Today the Turnbull Government has released Exposure Draft legislation to strengthen Australia’s competition law and improve the long-term welfare of consumers, businesses and the economy.
The draft legislation contains changes to the Competition and Consumer Act 2010 (the Act) as recommended by the Harper Review, and includes a significant reform to the misuse of market power provision (section 46).
The Harper Review found that Australia’s current misuse of market power law is not reliably enforceable and does not effectively target and deter anti competitive conduct. This uncertainty and inefficiency creates a barrier to the entry and expansion of new and innovative firms, delays the development of new technologies in Australia and hinders productivity growth in the long term.
The Government’s decision to adopt the Harper Review recommendation to reframe section 46 means Australia will have a commercially and legally robust law, preventing firms with substantial market power engaging in conduct that harms the competitive process.
This package contains a number of other important changes to the Act, designed to simplify the law and better deal with anti competitive conduct while supporting pro competitive behaviour, including:
- broadening the definition of ‘competition’ to include potential imports of goods and services, to fully reflect the range of competitive pressures facing Australian firms;
- confining the cartel conduct provisions to conduct affecting competition in Australia and broadening the exceptions for joint ventures and vertical trading restrictions to apply to common, pro competitive business arrangements;
- amending the National Access Regime declaration criteria, including to ensure third-party access is only mandated where it is in the public interest;
- consolidating the various authorisation processes into a single, streamlined process; and
- simplifying the Act by repealing separate, specific prohibitions on price signalling and exclusionary provisions, and introducing a prohibition against concerted practices.
The ACCC has released frameworks for guidelines on its proposed approaches to the enforcement of the amended section 46 and in relation to the prohibition against anti competitive concerted practices.
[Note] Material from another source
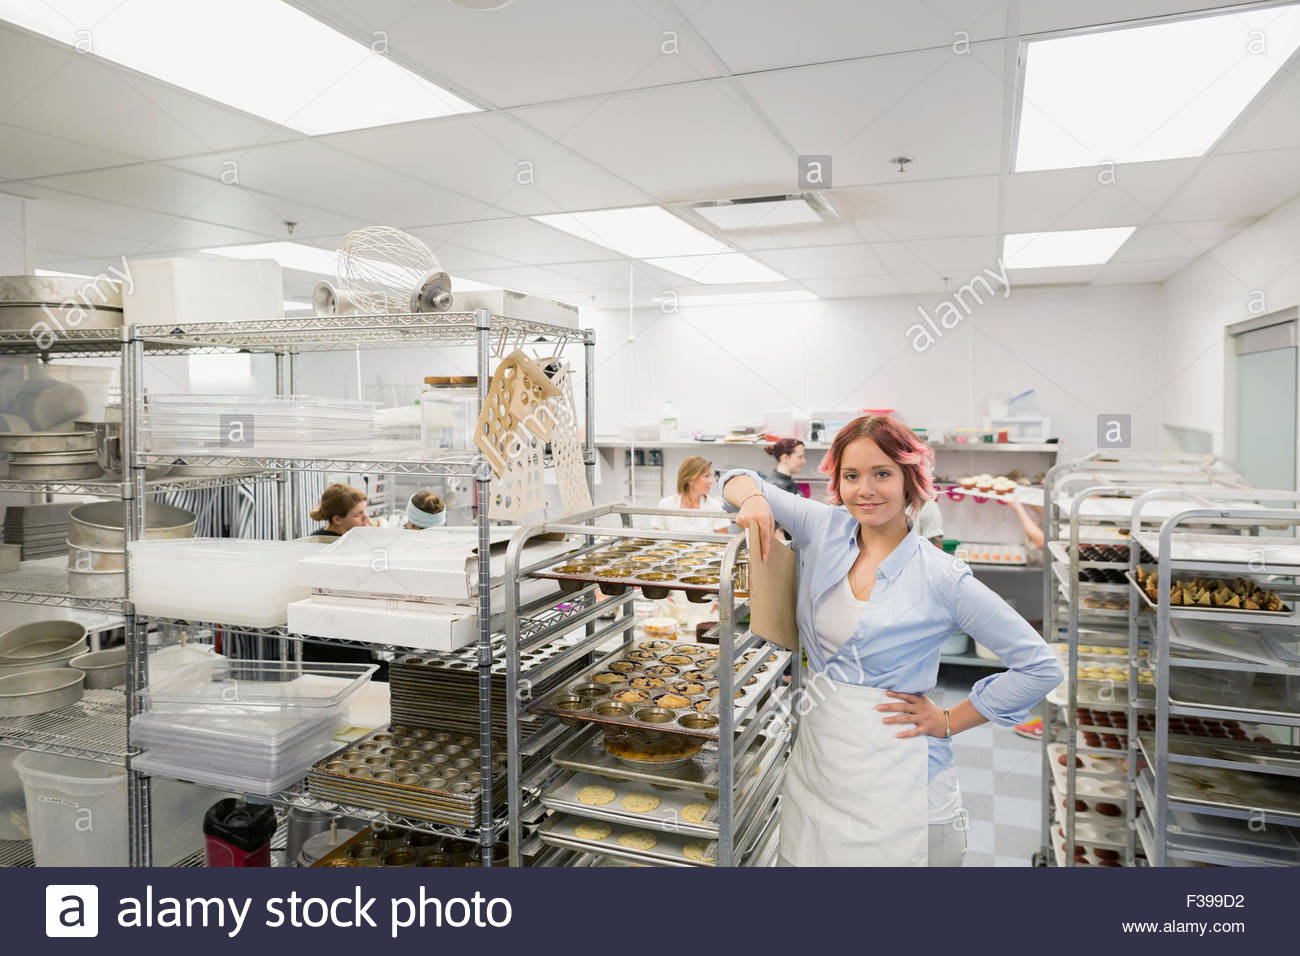 Portrait confident pastry chef in commercial kitchen Stock Photo

The frameworks provide a summary of the proposed content of future guidelines to be released by the ACCC, which will ultimately outline the ACCC’s approach to misuse of market power and concerted practices. The frameworks will help interested parties understand the reforms and provide them with the opportunity to give the ACCC feedback that will inform and improve the guidelines.
Concurrently with the release of this exposure draft, the Department of Communications and the Arts has released a discussion paper on the telecommunications specific anti competitive conduct regime in Part XIB of the Act. This allows the ongoing operation of the anti competitive conduct provisions in Part XIB to be assessed in light of the proposed amendments to section 46.
The Government is committed to ensuring Australia’s competition law provides the best foundation for an innovative, competitive and agile economy. These amendments will make markets work better for the benefit of all Australians and help to lift our long term productivity growth.
The consultation period on the Exposure Draft will run for four weeks until 30 September, and includes public consultation and consultation with the states and territories.
The Exposure Draft Bill and Explanatory Memorandum will be available on the Treasury website.